The outcome of my last entry about obfuscating email addresses is the HTML → Encrypt Selection (ROT13) command which replaces the current selection with JavaScript to output it (with the actual markup stored in ROT13).

Since most of my pages are already preprocessed, I decided to turn it into a general filter that works on a full HTML page. It replaces all document nodes (which contain an email address) with the corresponding JavaScript.

Since it has given me much joy to once again be able to write plain email addresses in my pages (without worrying about spam harvesters) I figured I should share :) But do double-check that the result you get from the filter is actually what you expect — the parser used is written for (my) valid HTML pages with potential script tags (such as <% … %> and <?php … ?>).

By replacing the full document node with a <script> … </script>-construct it should keep the resulting page as well-formed.

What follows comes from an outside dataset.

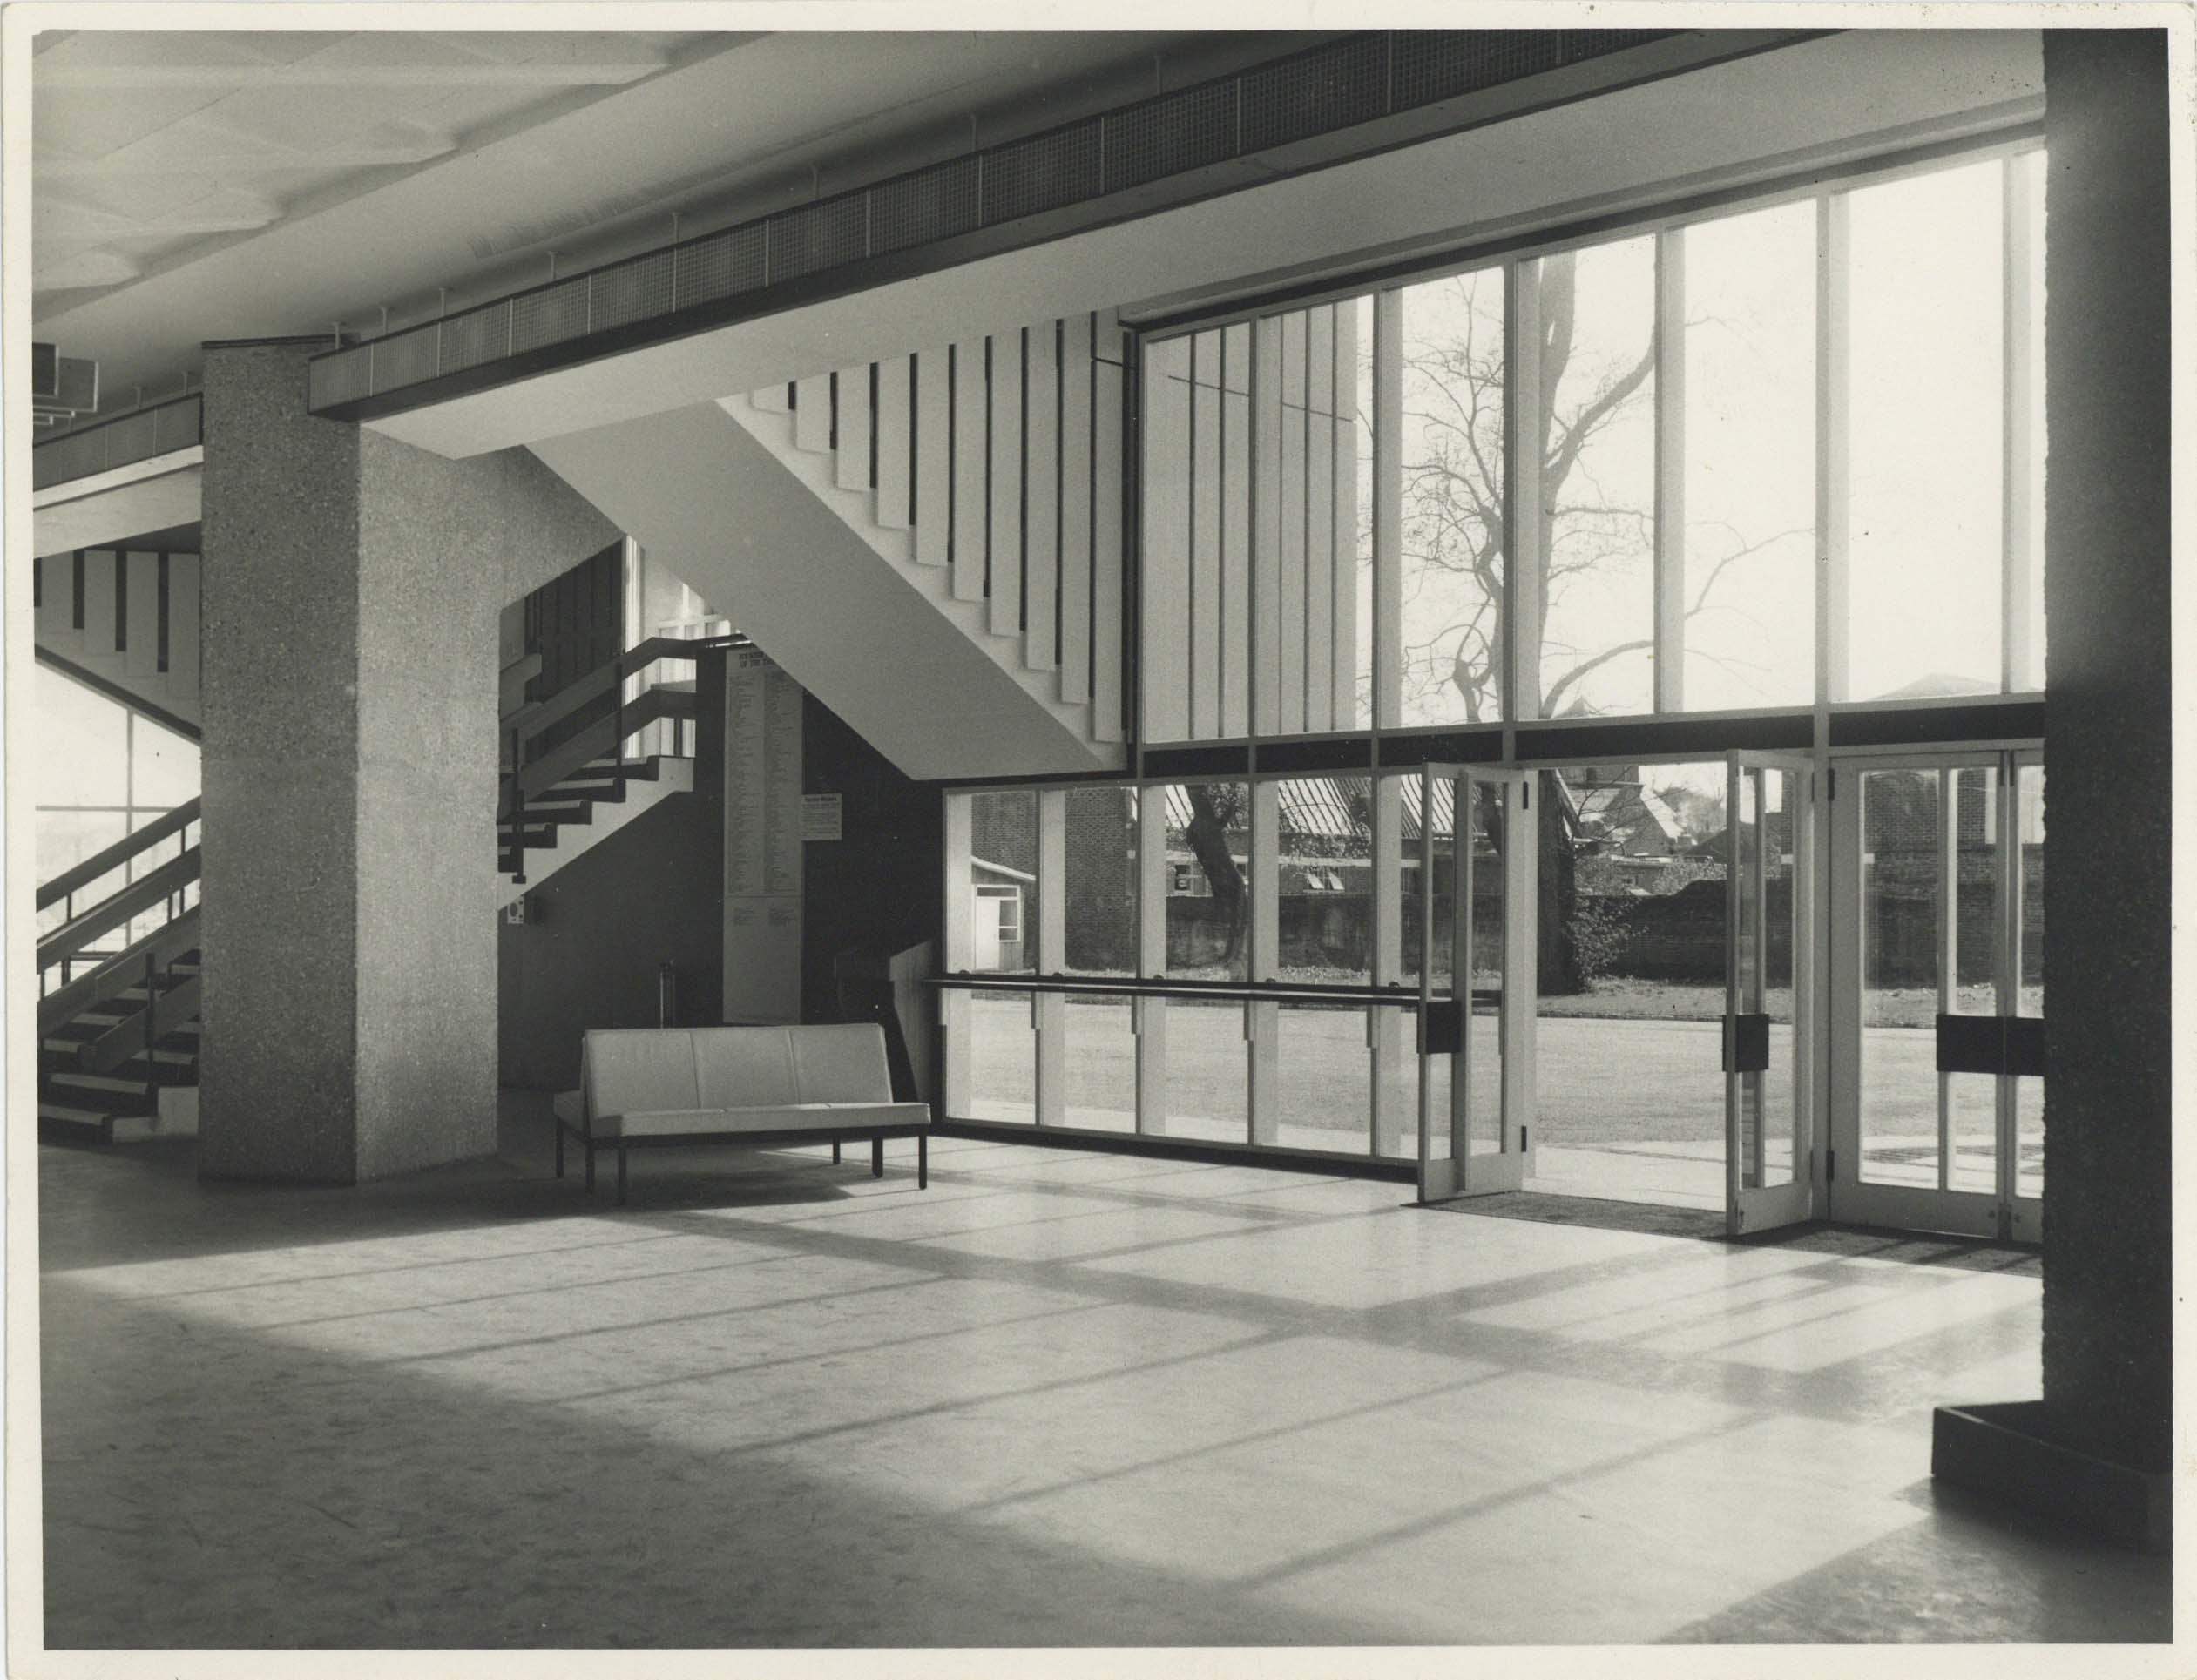 Photograph Interior Foyer - Photographer unknown - Date unknown - Box 71 CFT WSRO - H21xW16cm
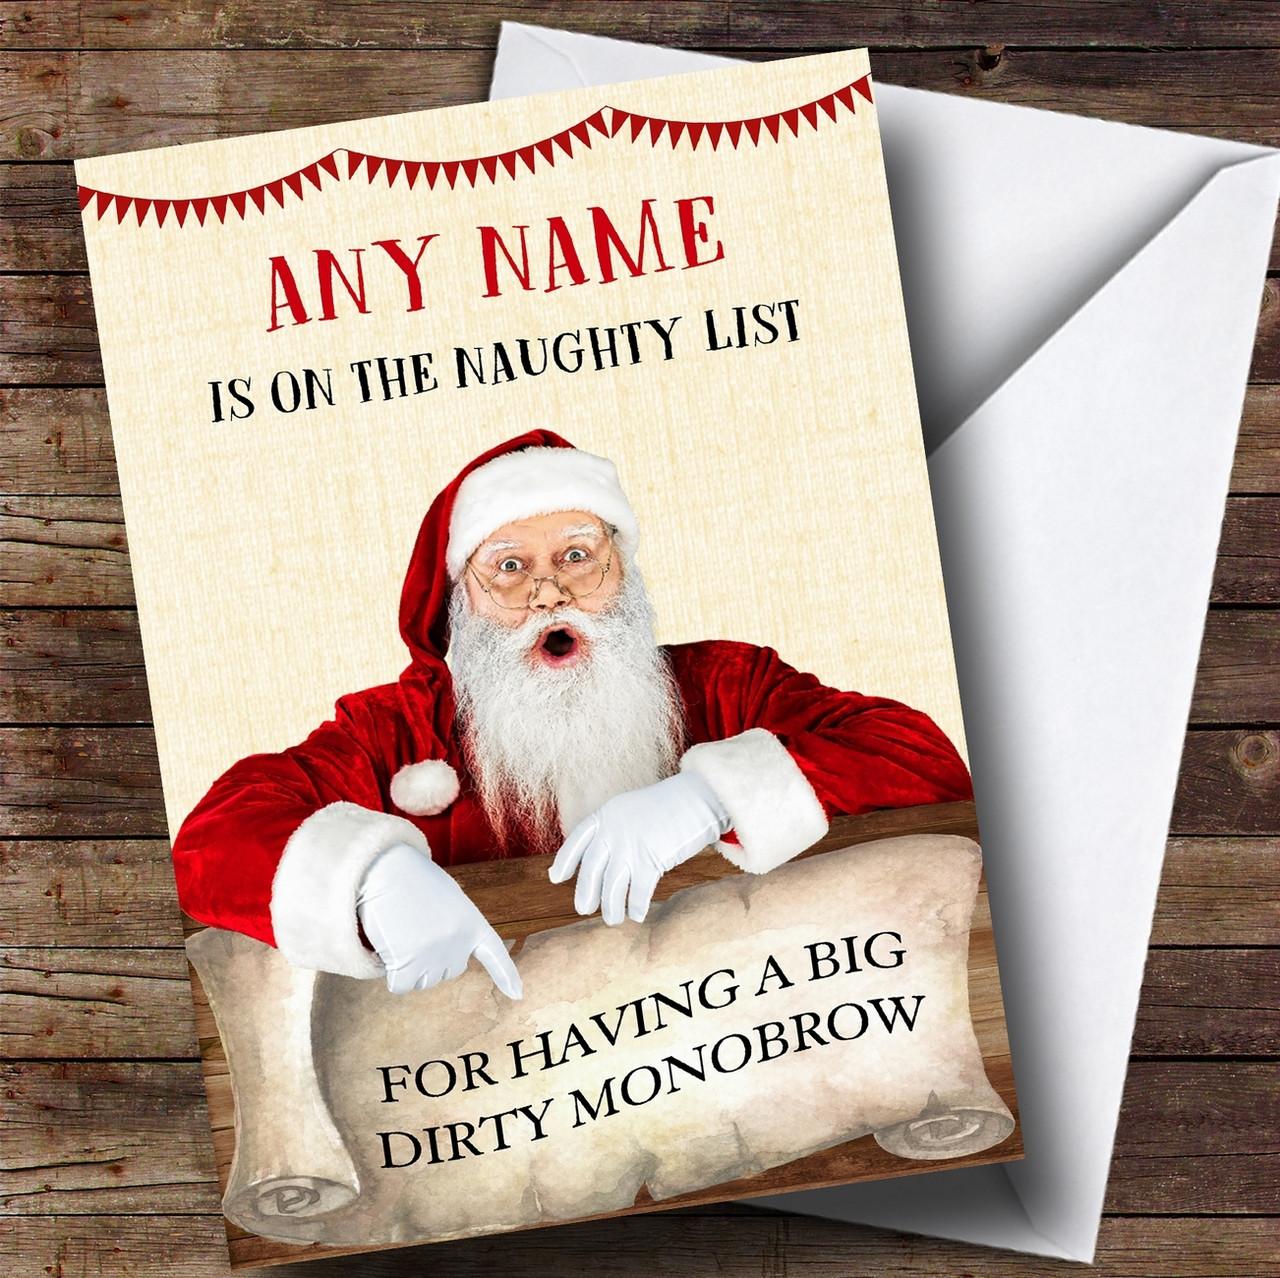 Funny rude offensive naughty list monobrow personalised christmas funny rude offensive naughty list monobrow personalised christmas card m4hsunfo

Though the filter inserts a <noscript>-tag to improve usability (for clients without JavaScript) but the <noscript>-tag is a block-level tag, so this will generally make the page non-valid. If you want a validating page then you can remove the <noscript> stuff at line 119.

I have pondered a few ways to keep the page as valid and still insert a <noscript>-tag, but I think the best approach would be to instead have the <noscript>-content be the default content, and then use JavaScript to replace that (so avoid using the <noscript>-tag). Ideally the fallback content should be a human-decodable version of the email address.

If anyone ports the filter to PHP please let me know, as I would love to turn it into a WordPress plug-in.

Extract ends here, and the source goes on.